Two straight years of wet spring weather have loosened the stranglehold of parasitic diseases on oysters in the Chesapeake Bay, prompting watermen and state officials to predict a rebound from Maryland's slumping harvests.
With watermen now catching oysters in parts of the Chesapeake that have yielded almost nothing for nearly a decade, state officials talk optimistically about doubling last year's record-low harvest of 79,568 bushels.
Maryland has embarked on a broad effort to restore the oyster industry, including the raising of disease-free shellfish in a state-run hatchery. But those fledgling attempts are not expected to yield significant results for years, if ever. Even if the Maryland harvest this season does double, it would be a far cry from the catches of 1 million bushels or more that were typical until a decade ago.
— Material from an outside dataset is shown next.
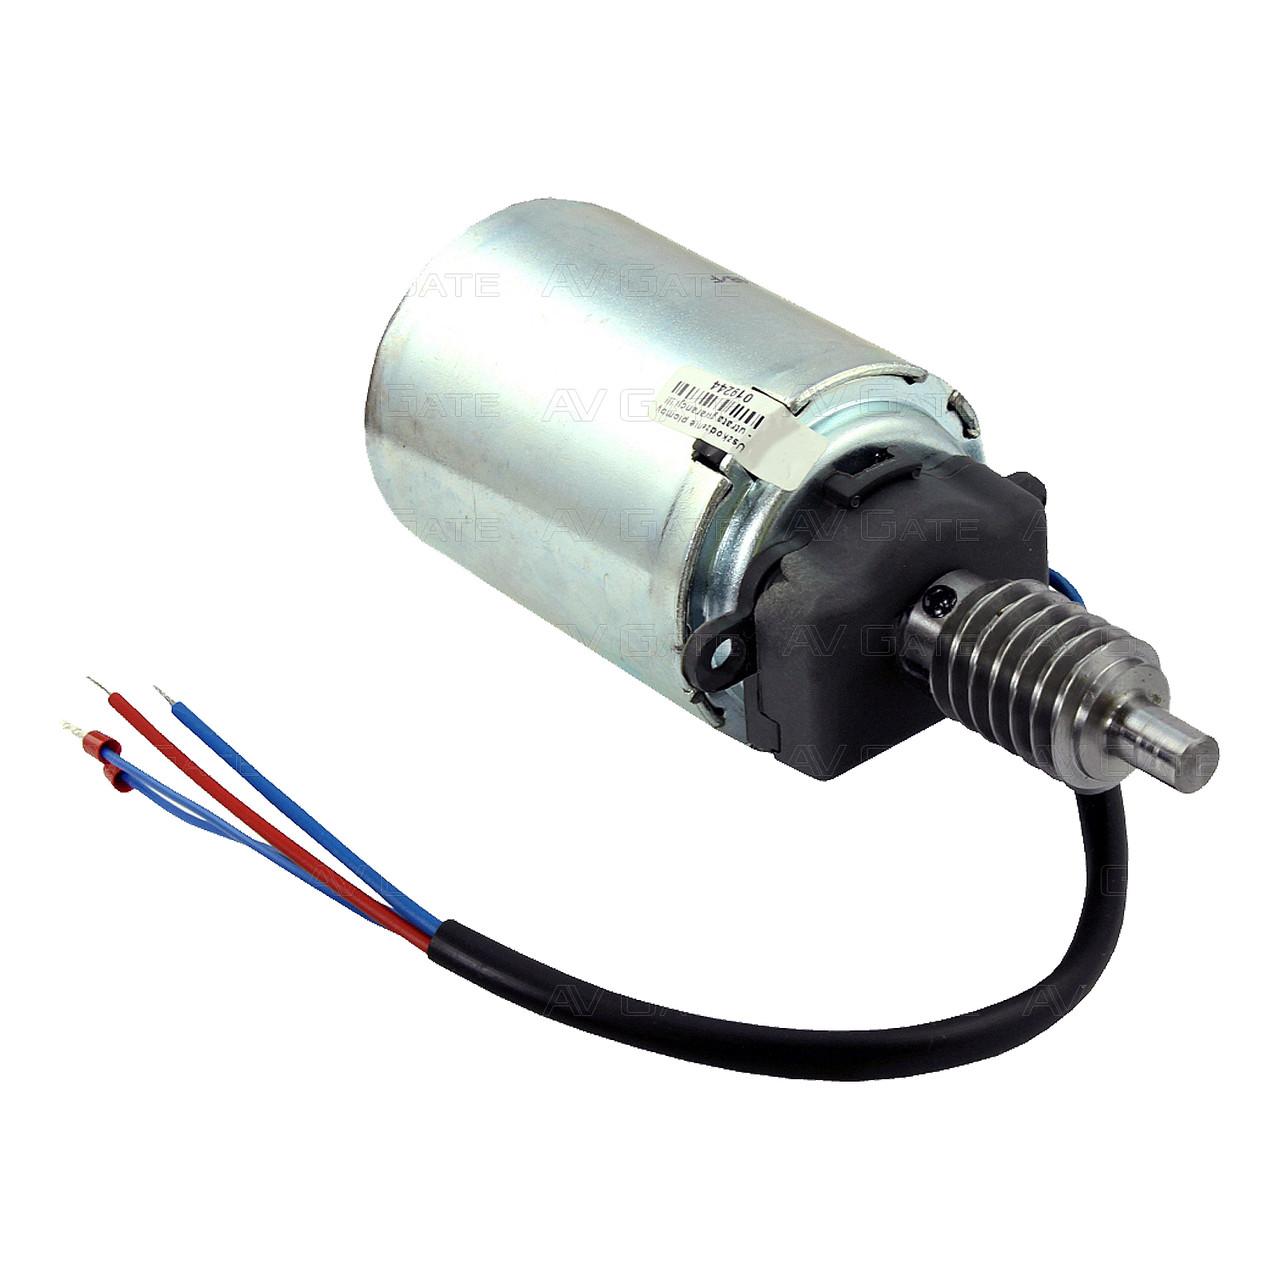 Електродвигун TO4024 / TO5024 Nice SPMTG08500

But after six years of declining harvests, the worst may be over, according to W. Peter Jensen, fisheries director for the state Department of Natural Resources. "It has created new hope on the Eastern Shore," he said last week. "People are starting to say they see a future."
Scientists, however, caution that the turnaround is likely to be short-lived. They warn that the diseases Dermo and MSX probably will return with a vengeance in a year or two, when spring weather resumes more typical patterns.
"The respite is really just a glitch, rather than a change," said Kennedy T. Paynter, an oyster disease researcher at the University of Maryland in College Park. "It probably doesn't represent a long-term hange, but who knows?"
Once the pillar of the bay's seafood industry, oysters have been on a century-long decline triggered by over-harvesting and worsened in recent years by disease. Though not harmful to humans, Dermo and MSX are fatal to oysters.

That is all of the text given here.